La pirotecnia de Luhrmann y la pasión de DiCaprio
Cada uno sacará sus propias conclusiones, condicionadas por la lectura de la novela de F. Scott Fitzgerald, el visionado de alguna adaptación anterior —la más famosa la dirigió Jack Clayton— o la apreciación del estilo de Luhrmann —quien por cierto no leyó el libro, lo escuchó—, pero creo que esta versión de ‘El gran Gatsby’ cuenta con una serie de virtudes indiscutibles que hacen que el visionado merezca la pena aunque uno acabe pensando que… el libro es mejor. La primera ya la dejé caer antes: el film ofrece una experiencia única, excesiva en lo bueno y en lo malo. Da la posibilidad de contemplar el mundo a través de una singular mirada; la misma que reinterpretó el romance de Romeo y Julieta (1996) o las fiestas del Moulin Rouge (2001).

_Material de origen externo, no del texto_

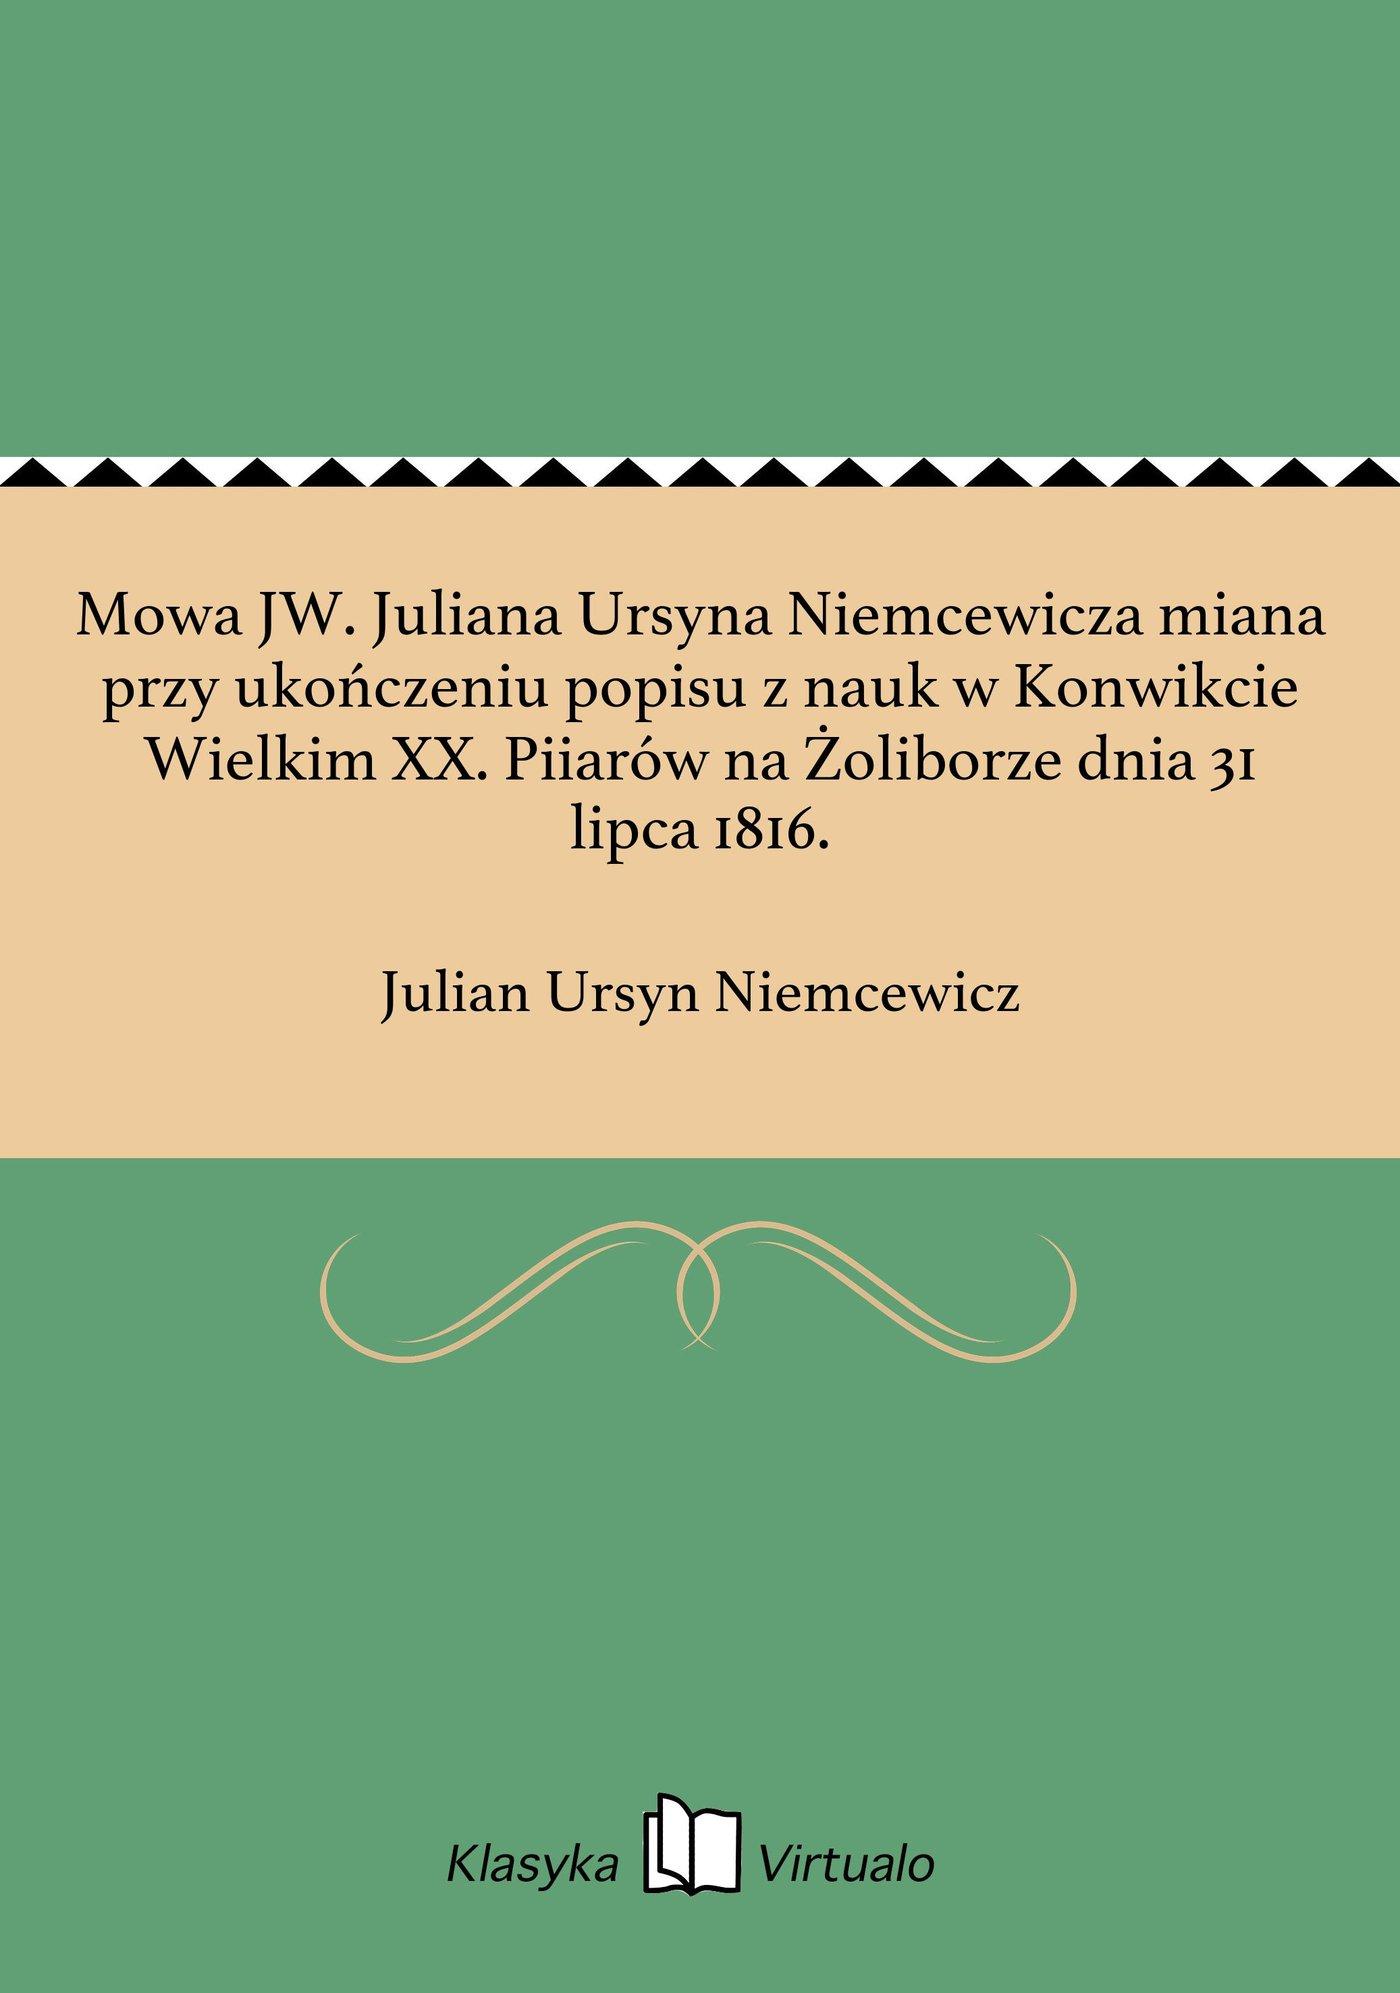 Mowa JW. Juliana Ursyna Niemcewicza miana przy ukończeniu popisu z nauk w Konwikcie Wielkim XX. Piiarów na Żoliborze dnia 31 lipca 1816. - Ebook (Książka na Kindle) do pobrania w formacie MOBI

Otro punto a favor es el reparto, en especial que Leonardo DiCaprio lleve el disfraz de Jay Gatsby. Se apodera del personaje de tal forma que piensas que no solo entiende a Gatsby y simpatiza con él sino que pone parte de sí mismo en la creación de este enigmático multimillonario hecho a sí mismo, obsesionado por los detalles y la construcción de un sueño perfecto. Curiosamente, la estrella presentó la película en Cannes —lugar inmejorable para tal evento— durante su retiro temporal de la actuación, mientras encuentra la energía y la motivación para volver a implicarse en un rodaje —el último fue ‘The Wolf of Wall Street’ (Martin Scorsese, 2013)—. También es una afortunada decisión que Nick Carraway esté encarnado por Tobey Maguire, a quien DiCaprio ha señalado como su mejor amigo y confidente.
Una luz en la niebla
He ahí el último de los logros que destaco de ‘El gran Gatsby’: su desatado y arrebatador romanticismo. El símbolo del destello verde, la esperanza de recuperar el pasado, la obsesión por un ideal, el sacrificio… La película dura demasiado, la ambientación resulta artificial —esas panorámicas imposibles, el lucimiento del 3D, las postales bélicas, la ciudad en constante celebración…—, los personajes están muy cerca de la caricatura, los giros parecen sacados de una telenovela… sin embargo, el resultado es coherente, es como un cuento, con su dosis de fantasía y humor simplón, el héroe y el villano, el amigo fiel y la doncella en peligro. Pero aquí no hay final feliz. Solo el placer de haber disfrutado el viaje y la nostalgia de esos momentos mágicos irrepetibles.